For the records shown below, return an exact copy that excludes the pictures.

ENTRIES PROVIDED:
--- START ---
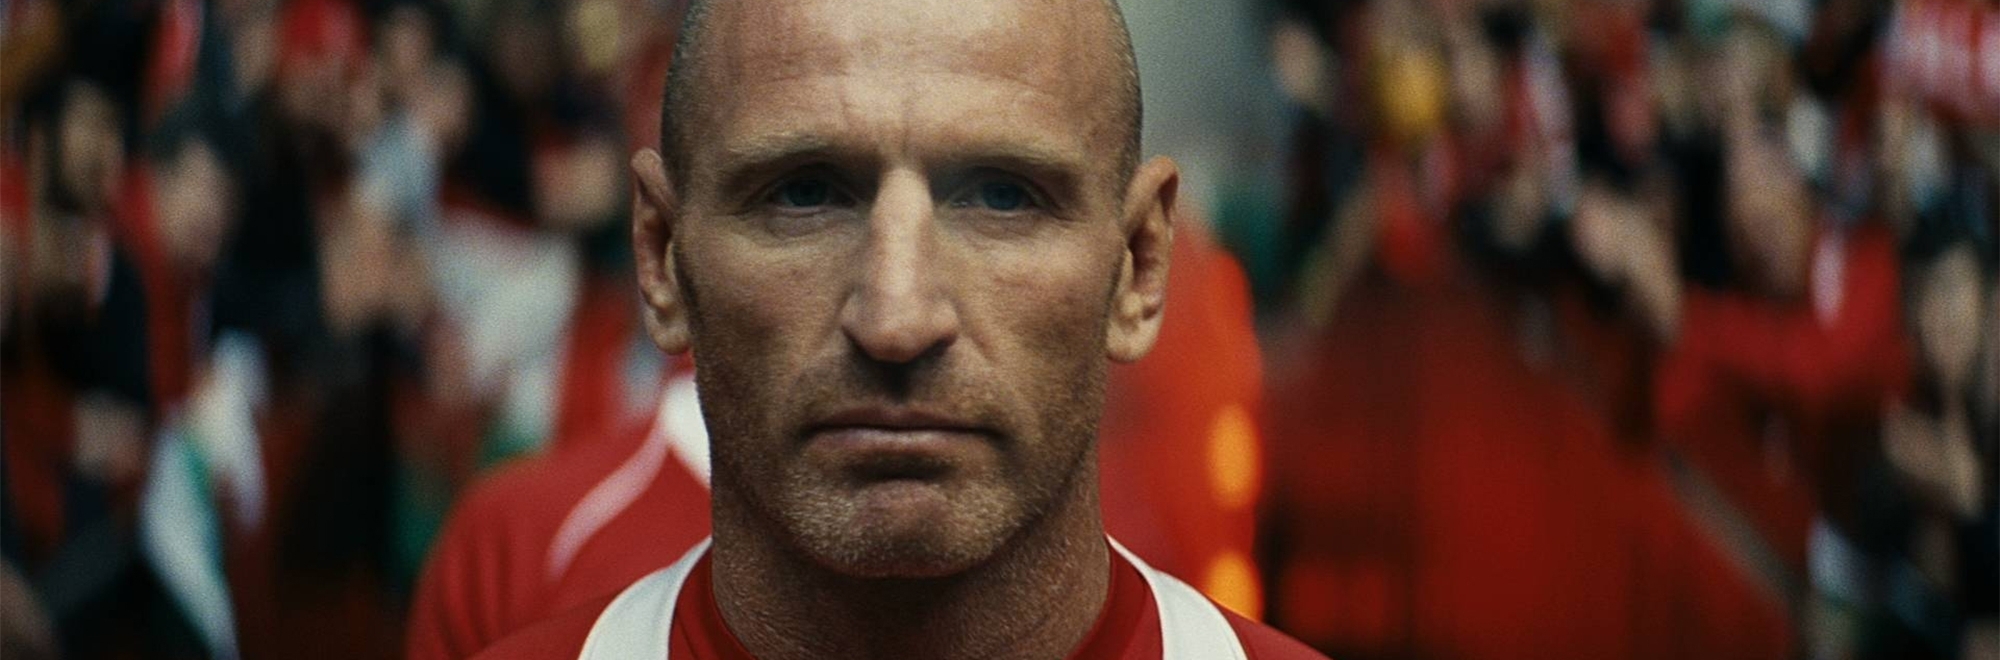 Now would be a great time for Guinness to build upon its ad, Never Alone, featuring rugby hero Gareth Thomas
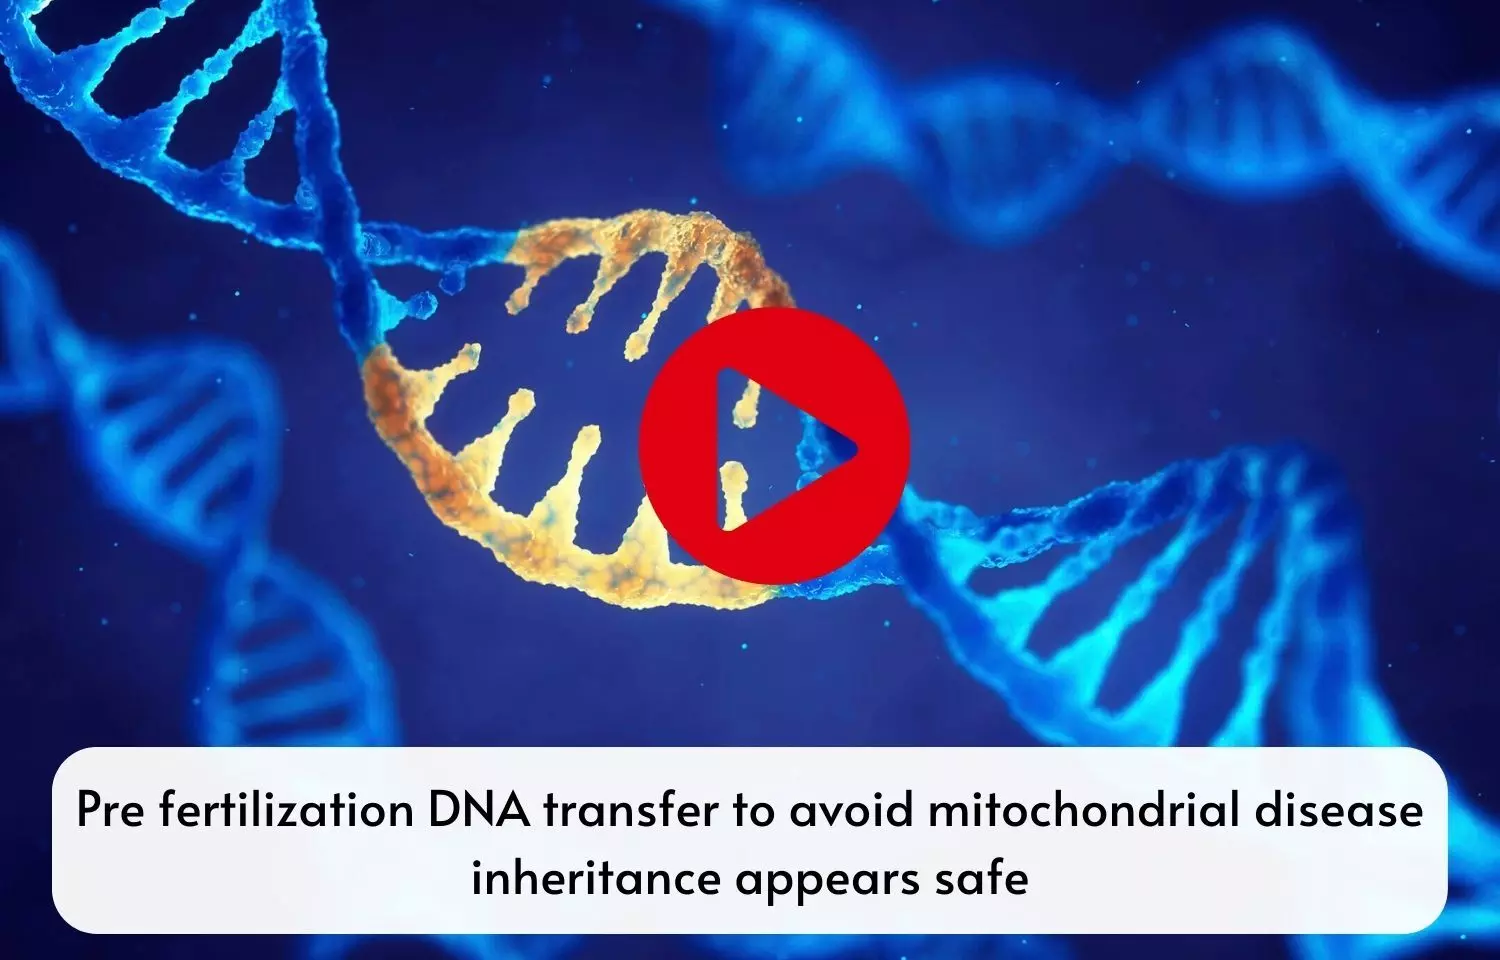 Pre fertilization DNA transfer to avoid mitochondrial disease inheritance appears safe
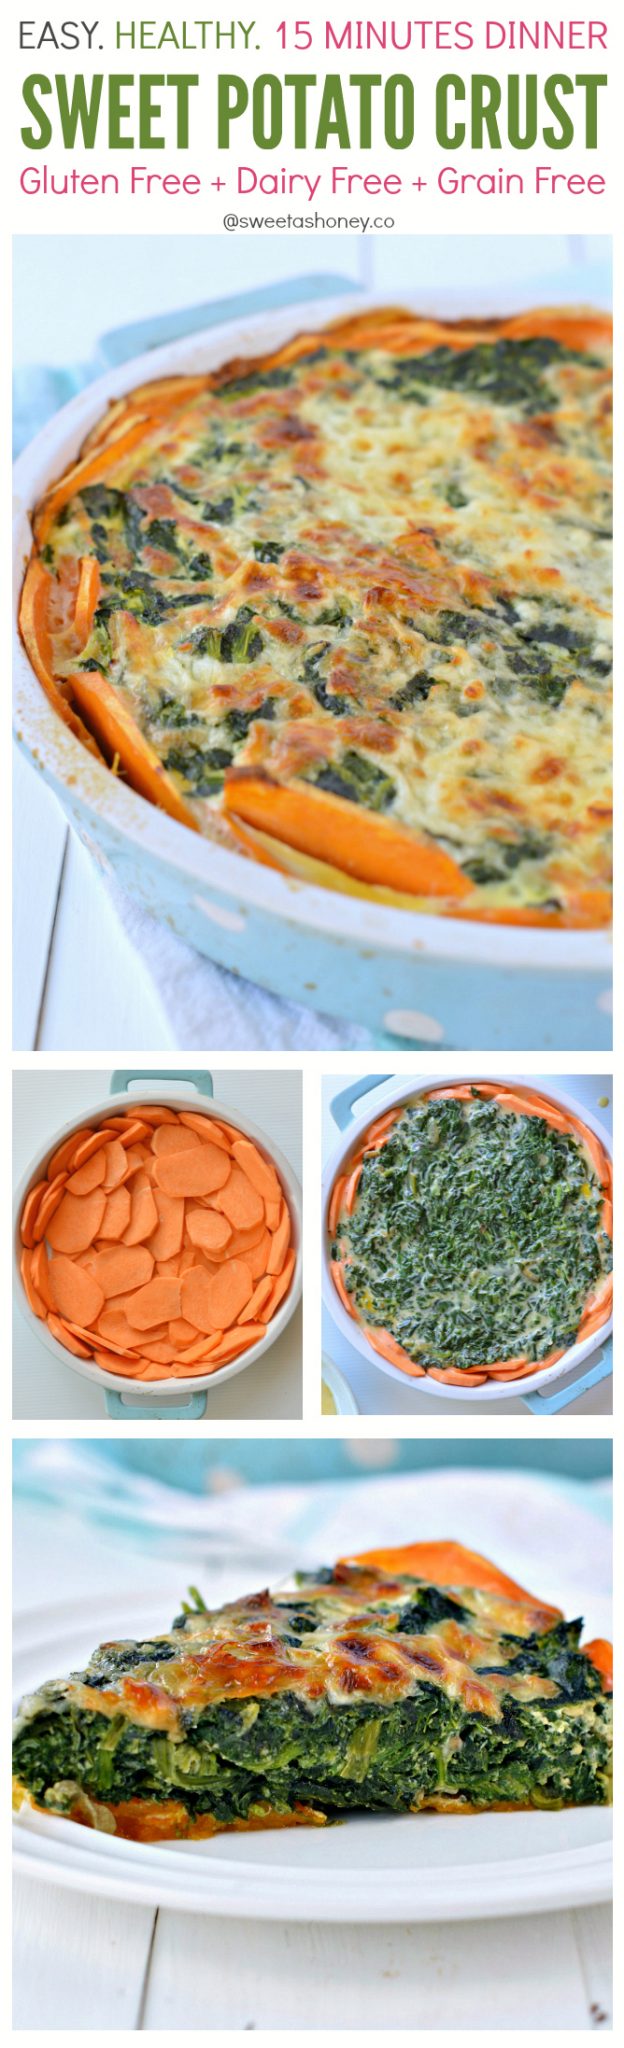 Healthy Sweet Potato Crust. A crustless paleo spinach quiche recipe perfect to incorporate into your whole30 plan. Dairy free as
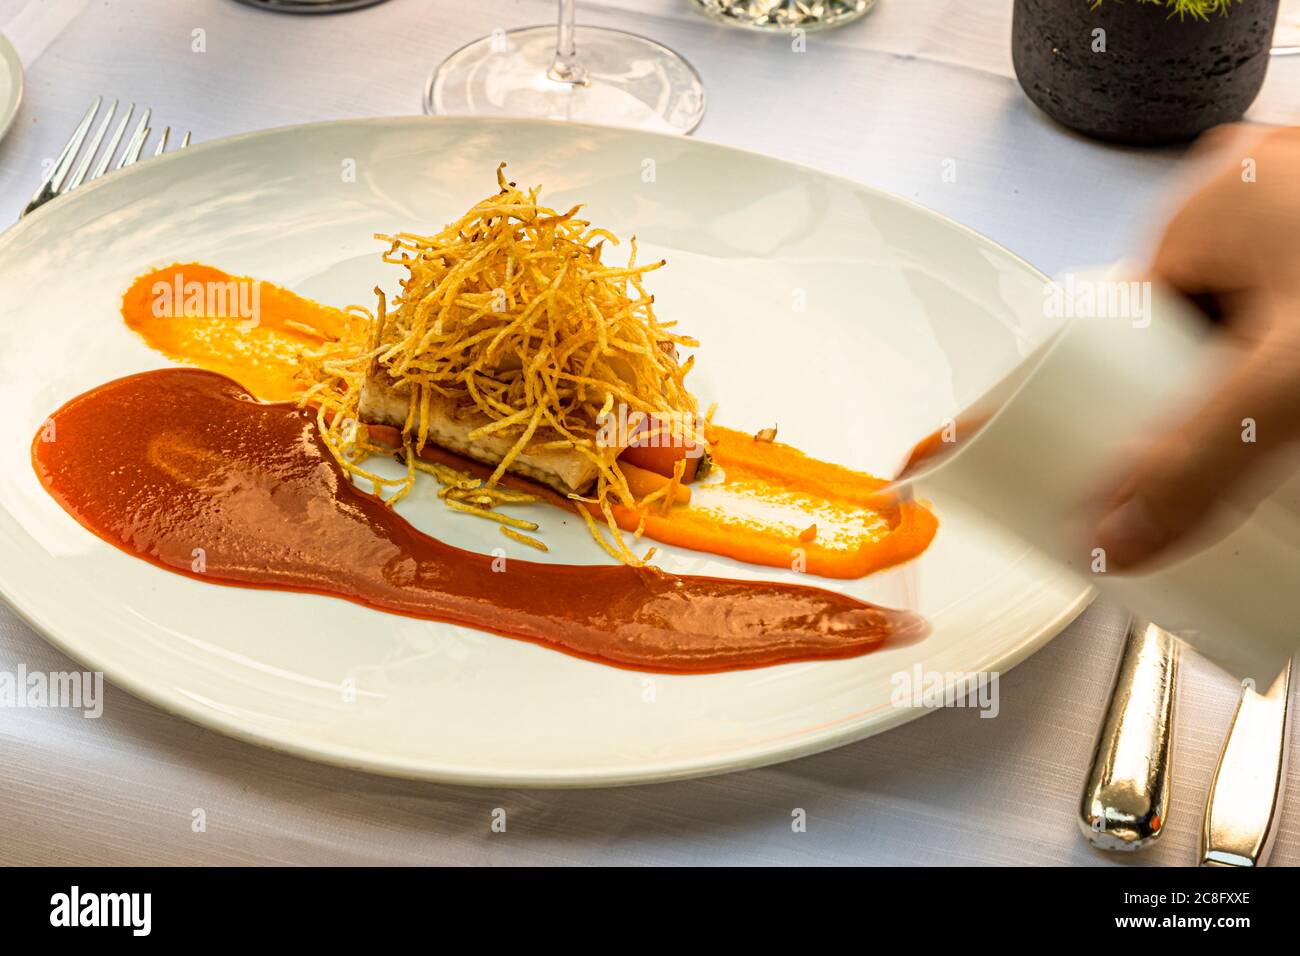 Gourmet Dish by Hotel Krone Chef de cuisine Peter Prüfer in Weil am Rhein, Germany. Fillet of "Wiße Waller" with young carrots, crab broth and potato straw Stock Photo
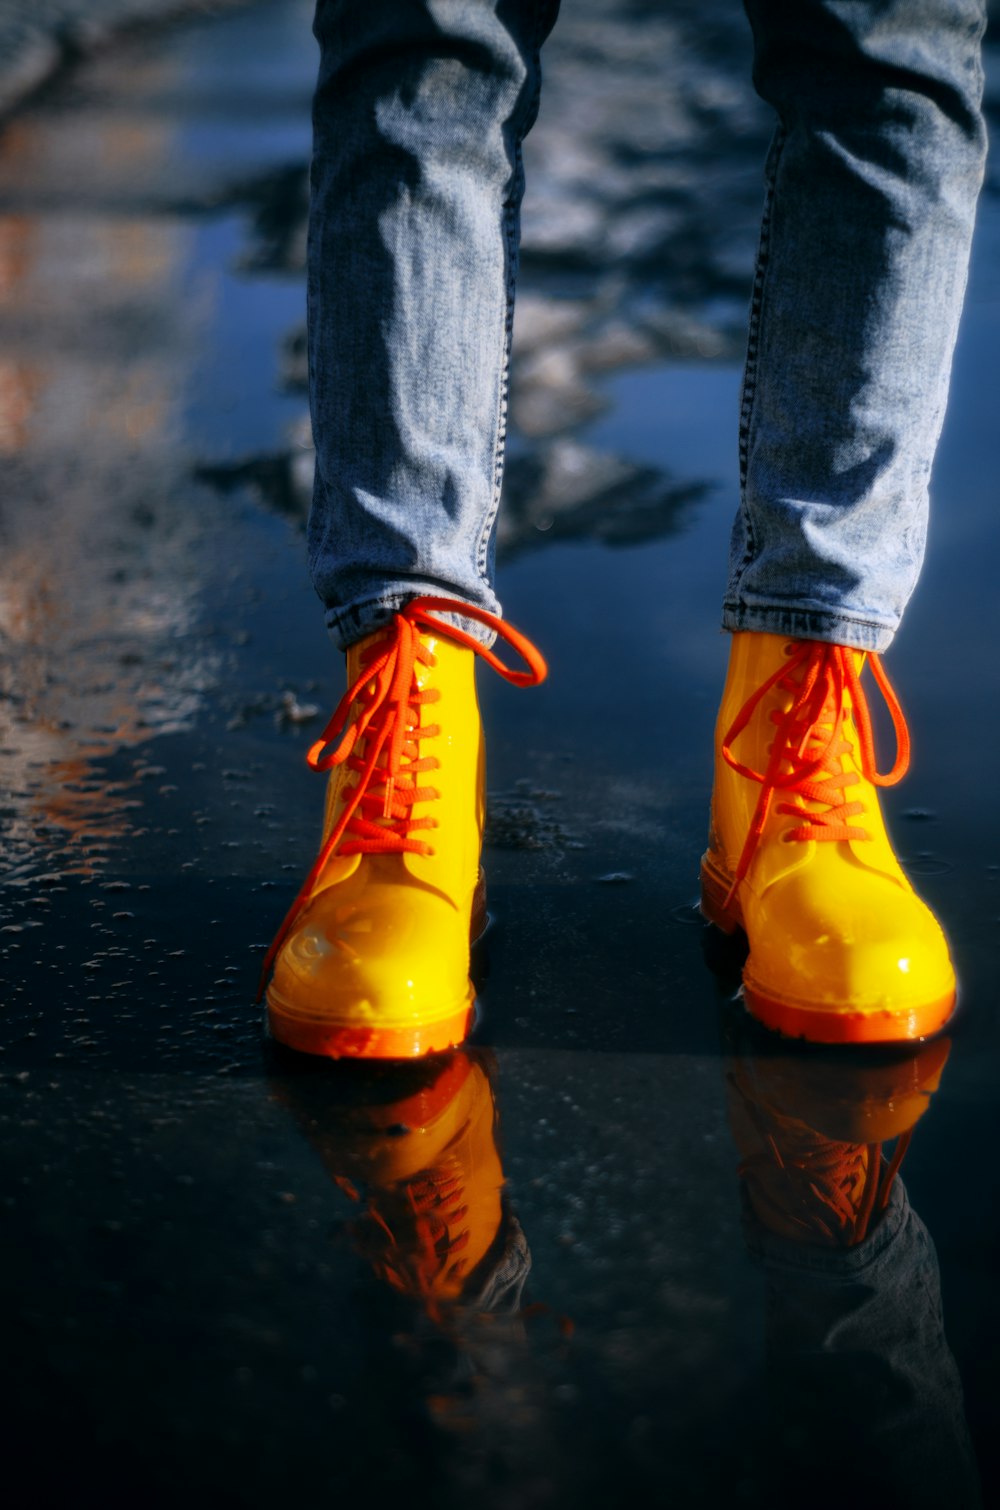 a person wearing yellow boots standing on a wet surface
--- END ---
EXERCISE RESULT:
 Now would be a great time for Guinness to build upon its ad, Never Alone, featuring rugby hero Gareth Thomas
 Pre fertilization DNA transfer to avoid mitochondrial disease inheritance appears safe
 Healthy Sweet Potato Crust. A crustless paleo spinach quiche recipe perfect to incorporate into your whole30 plan. Dairy free as
 Gourmet Dish by Hotel Krone Chef de cuisine Peter Prüfer in Weil am Rhein, Germany. Fillet of "Wiße Waller" with young carrots, crab broth and potato straw Stock Photo
 a person wearing yellow boots standing on a wet surface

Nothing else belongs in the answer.